War against Boys - Jonah Goldberg
In this article, author Jonah Goldberg argues that a "war against boys" has resulted in disturbing changes in the schoolyard. Competition has been eliminated, in favor of encouraging everyone's participation and avoiding hurt feelings. Goldberg rails against this "touchy-feely" environment, one that curbs young boys' natural tendency towards competition and therefore prevents them from growing into men. Borrowing heavily from Christina Hoff Sommers' The War Against Boys, Goldberg lays the blame for this horror of a schoolyard squarely at the feet of "academic feminists" who have turned boys into an "endangered species."
The author therefore subscribes to the idea that the advancement of the rights and needs of girls somehow constitutes a war against boys. Goldberg believes that the goal of gaining gender parity in education, of improving the educational experience for girls, necessarily takes away from the experience of boys. There is a dichotomy between the two, and for Goldberg at least, the idea of improving education for girls and for boys is mutually-exclusive.

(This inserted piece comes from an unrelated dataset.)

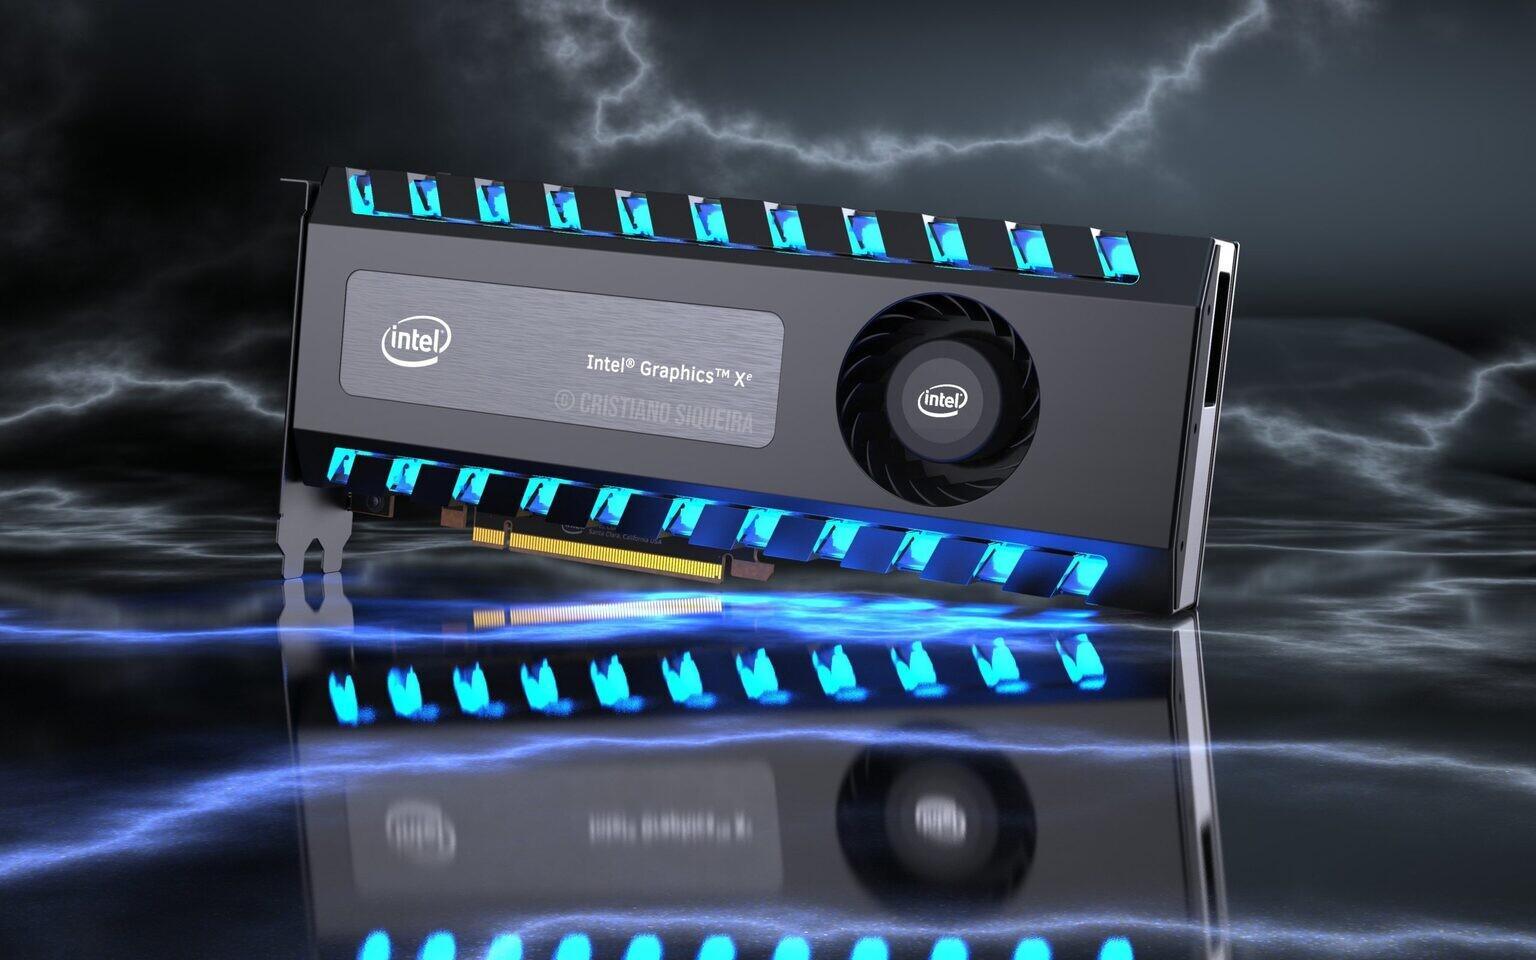 Видеокарта от Intel сможет теснить RTX 3070 и AMD RX 6800

To bolster this thesis, Goldberg relies on little more than anecdotal evidence. There is a school in Sayville, NJ where signs such as "If you had fun, you won" are posted in the gymnasium. In this one school dodge ball has been permanently banned, and everyone gets a ribbon for participating in a sport. Without citing further evidence, Goldberg presents this one school as a trend. Further along the article, Goldberg cites that "girls read more books" and that more "girls go to college." These facts are again cited as constituting a war against boys. In Goldberg's mind, encouraging young girls to pursue higher education constitutes "remov (al of) opportunities" for boys.
Goldberg thus makes several faulty assumptions in this article. The first one is that agitating for a good experience for girls in elementary, secondary and higher education somehow takes away from the boys and men. Why should this be so?
If the educational experience of boys is slipping, then this is an issue that should concern everyone.
Education should be a good experience for all children - male or female. Feminists have recognized previously that young girls were being shortchanged, a fact that should have concerned everyone in society (including Goldberg). To say that the education of boys slipped simply because feminists improved the education of girls is a post hoc fallacy.
Second, Goldberg ignores that there are many other issues that affect girls once they are out of college. Even if they do better academically, this does not translate to gender parity in the working world. There is still a significant wage gap between the genders, and women remain underrepresented in many leadership positions in the corporate world. These statistics challenge Goldberg's suggestion that boys suffer into manhood due to their lack of a rough-and-tumble education.